▶ **Your assignment**
Nothing but the lines below from the one that contains "Customized Hanging Decorative" through the one that contains "Aisterisk.com" should be retyped, exactly and including both ends. Do not include pictures.

▶ **Excerpted records**
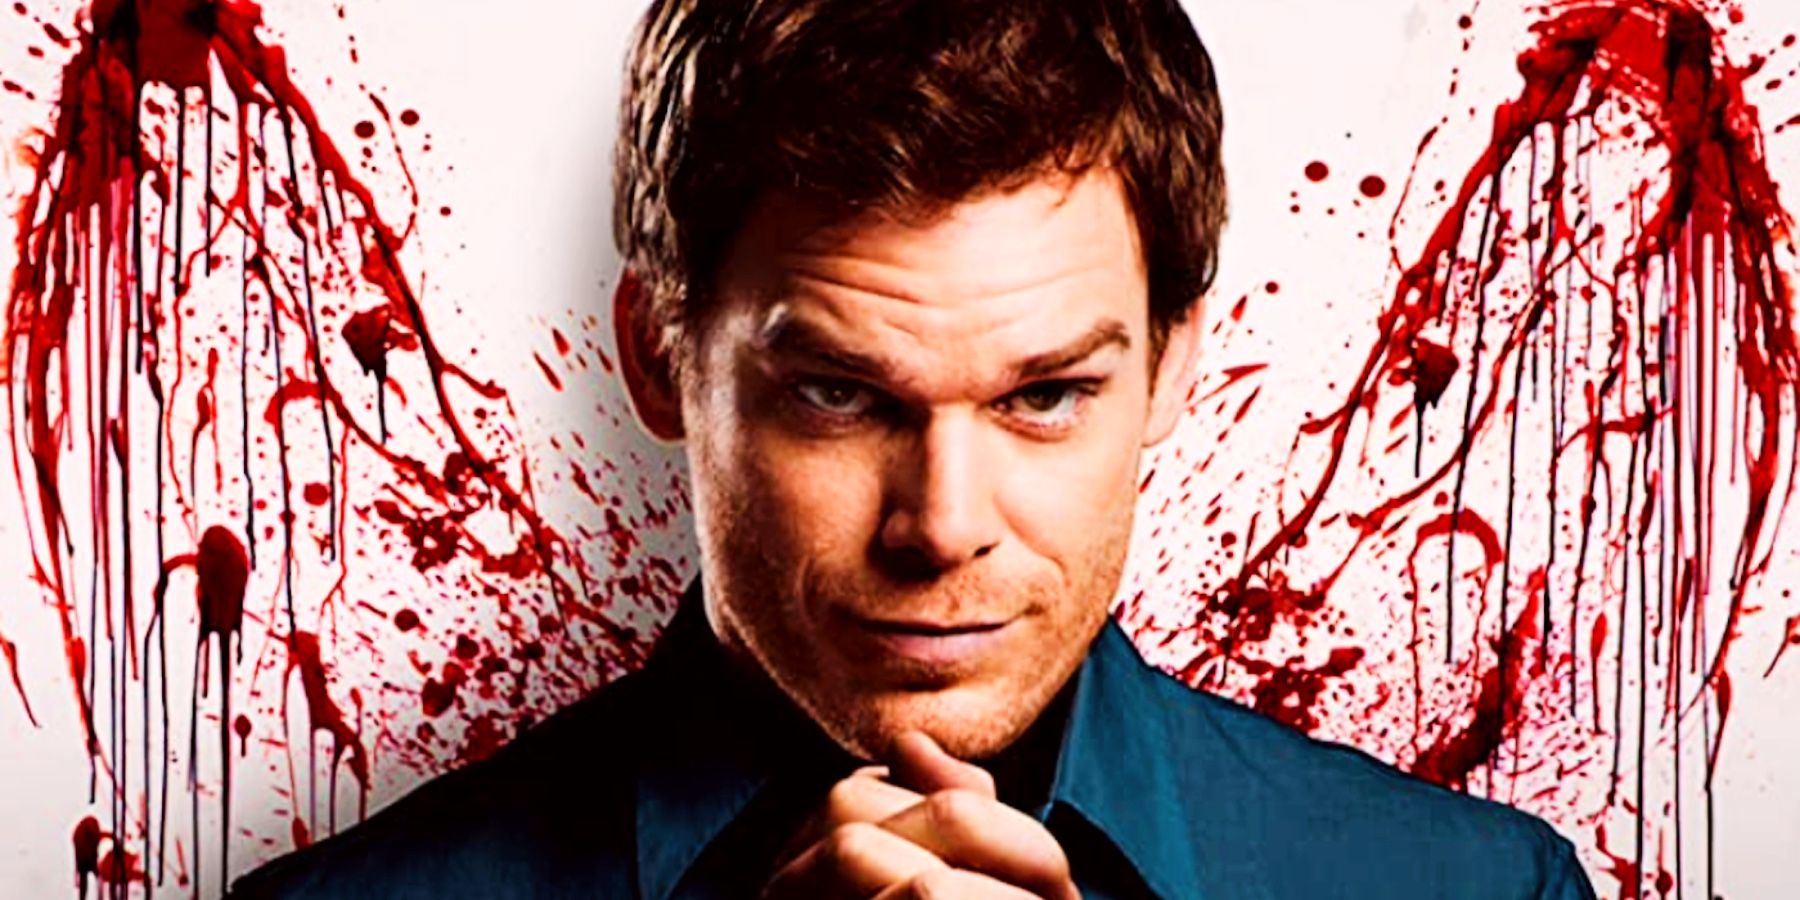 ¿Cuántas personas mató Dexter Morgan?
---
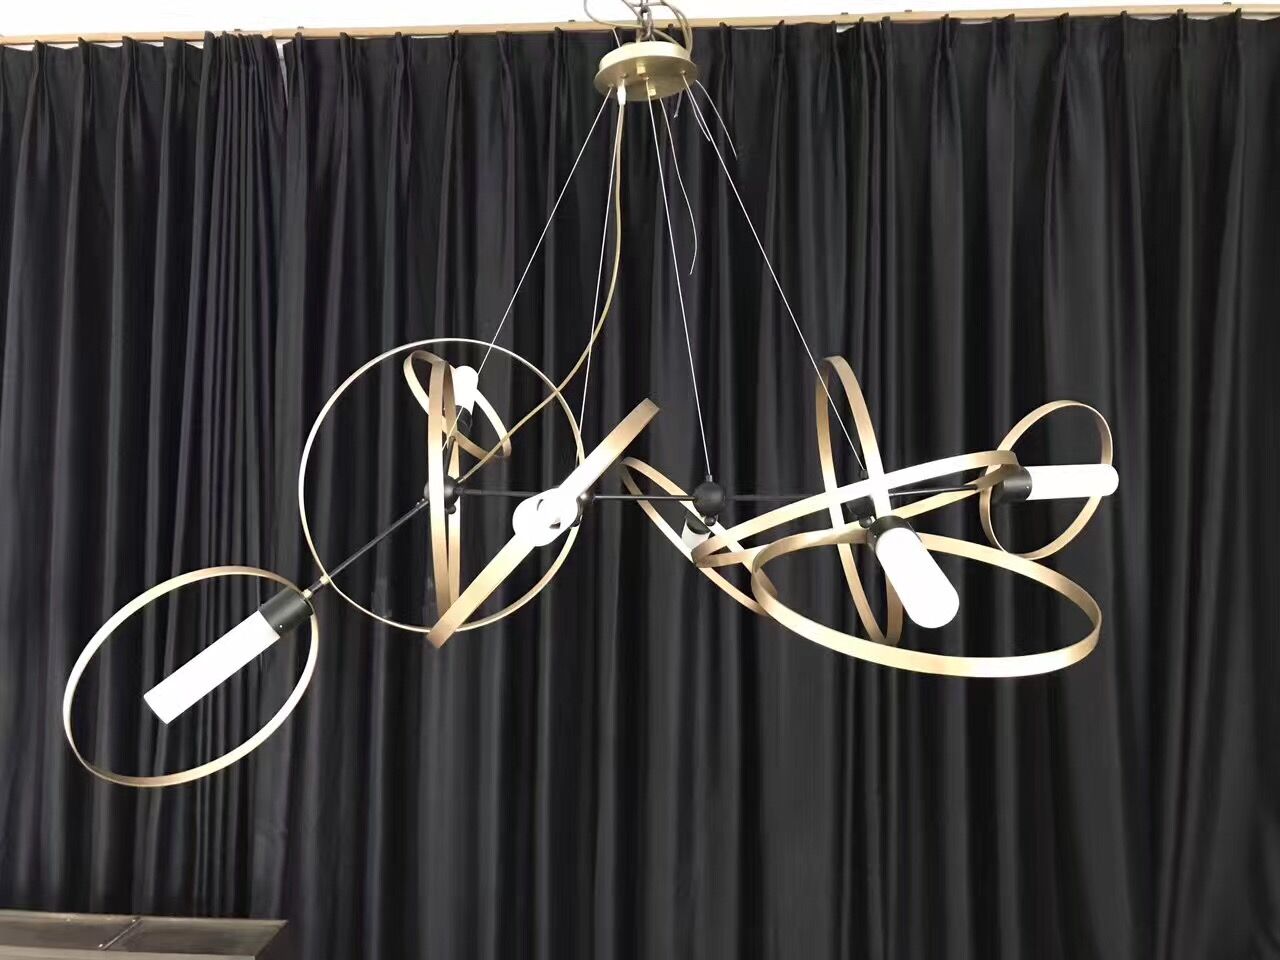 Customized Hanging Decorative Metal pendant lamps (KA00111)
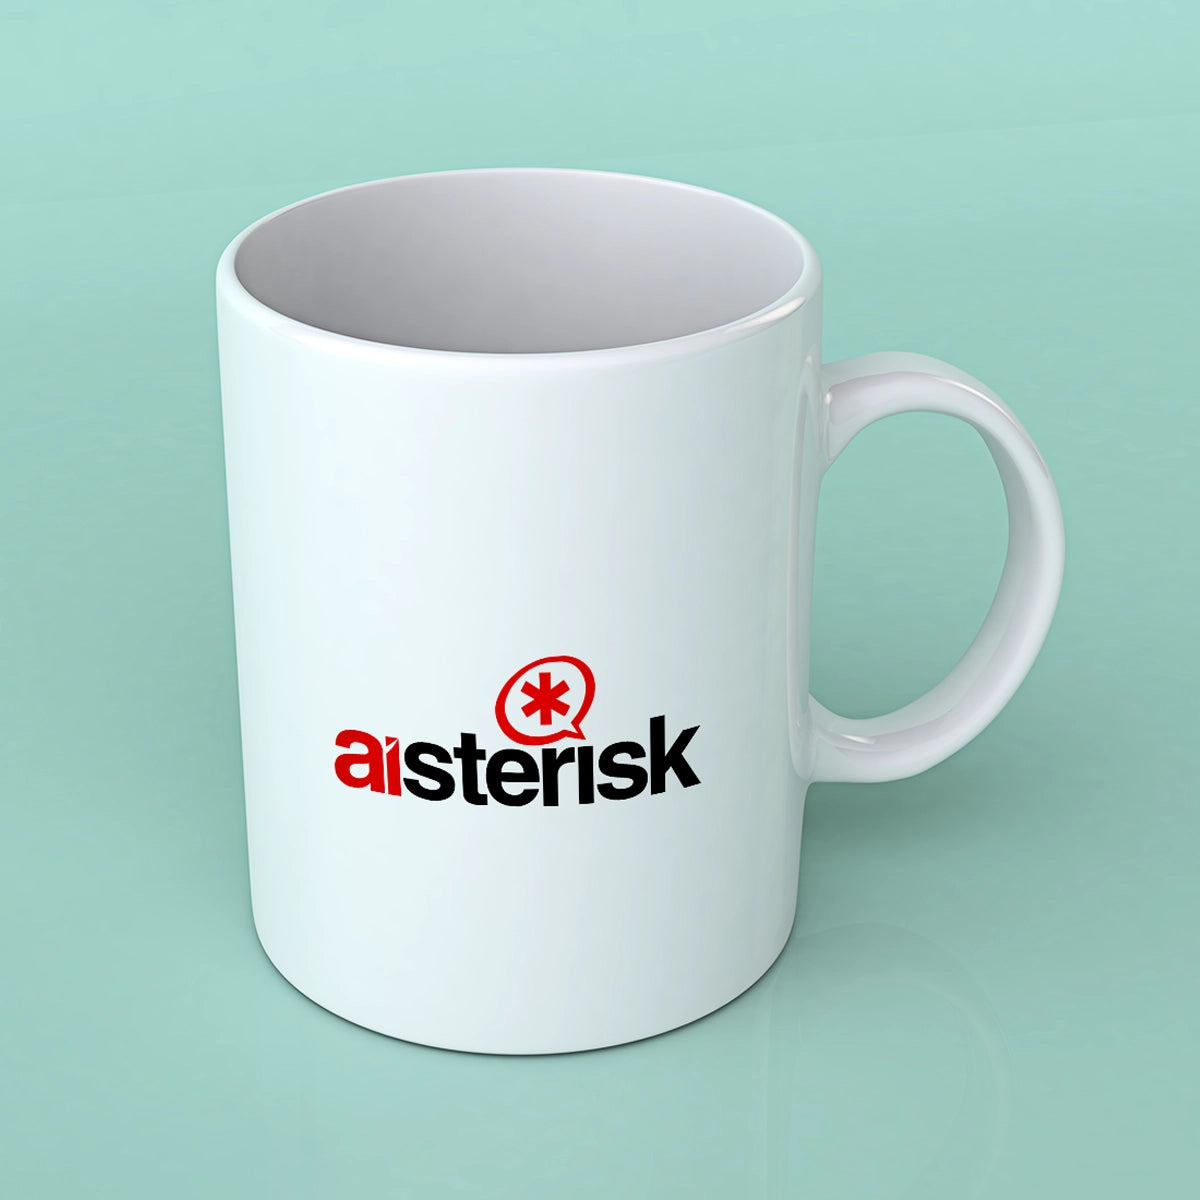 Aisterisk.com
==
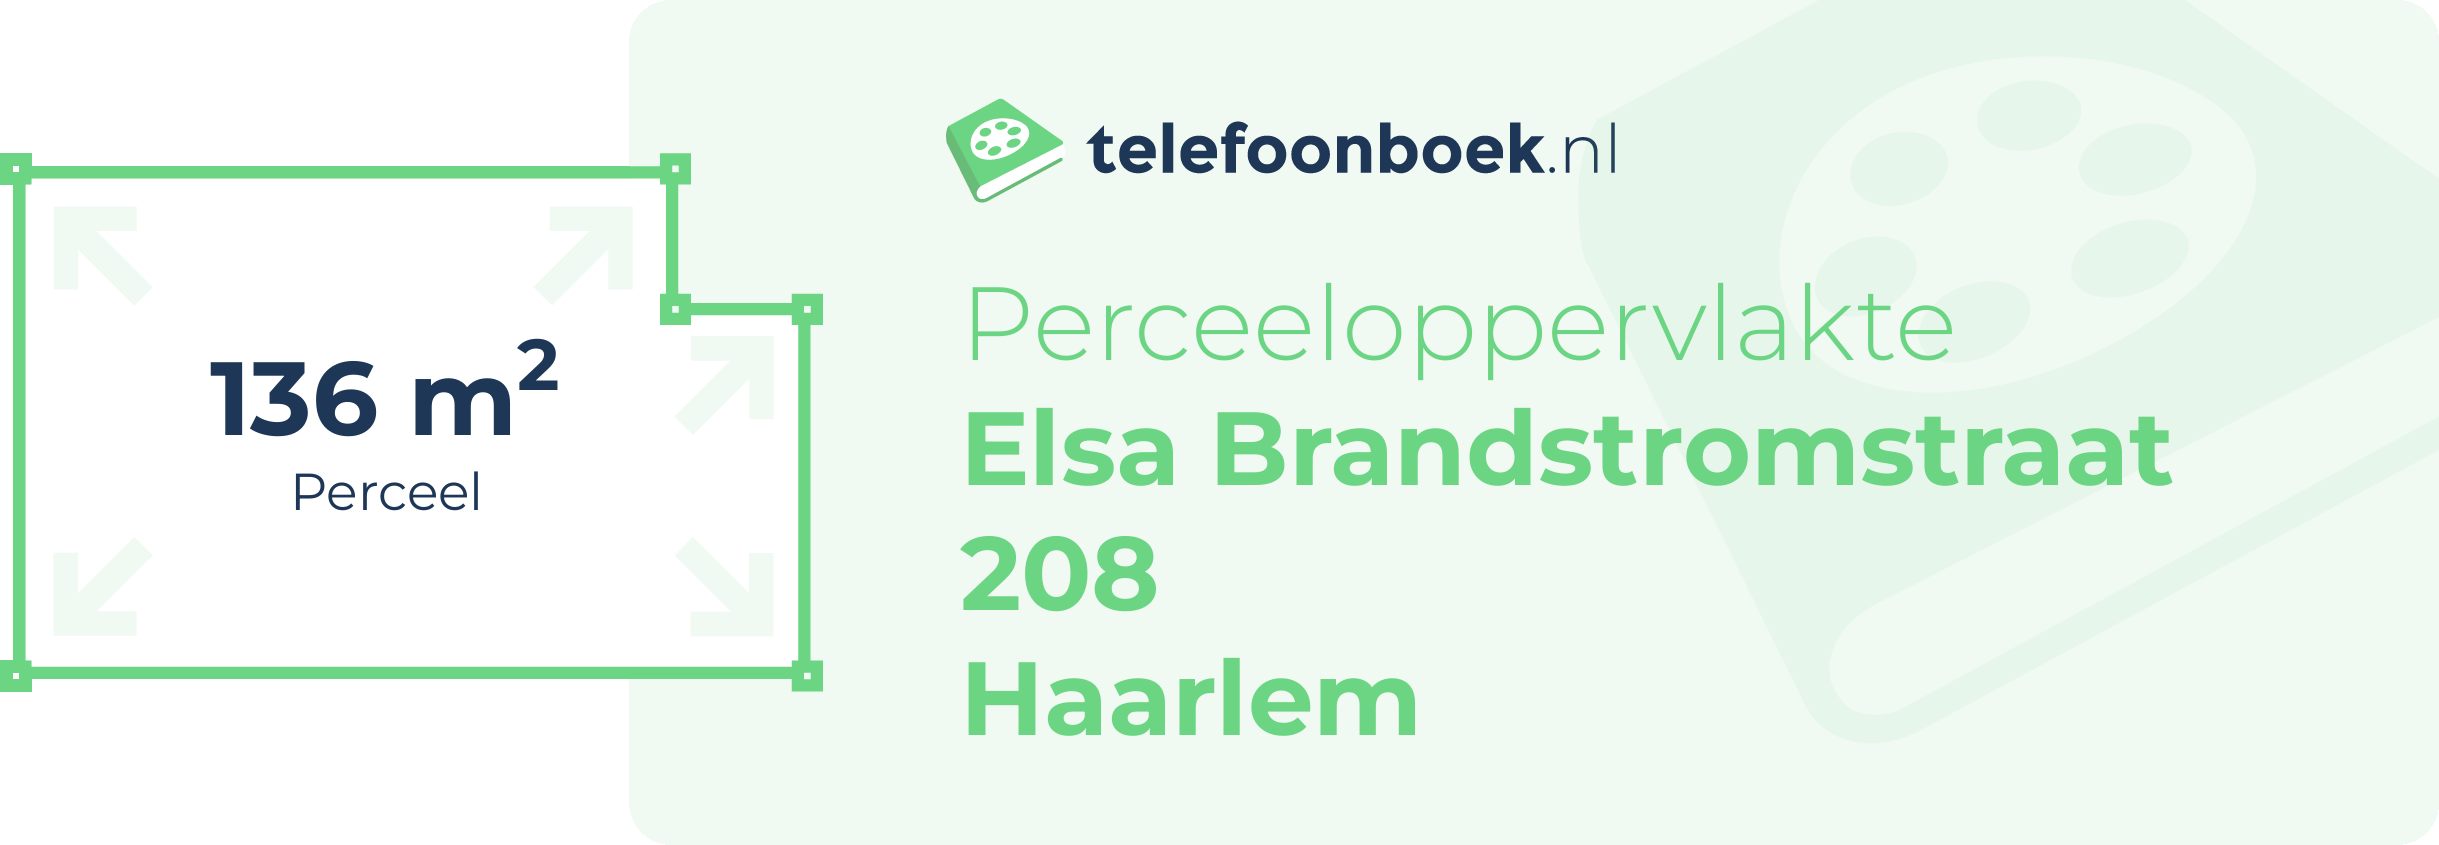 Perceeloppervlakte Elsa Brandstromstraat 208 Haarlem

▶ **Task response**
 Customized Hanging Decorative Metal pendant lamps (KA00111)
 Aisterisk.com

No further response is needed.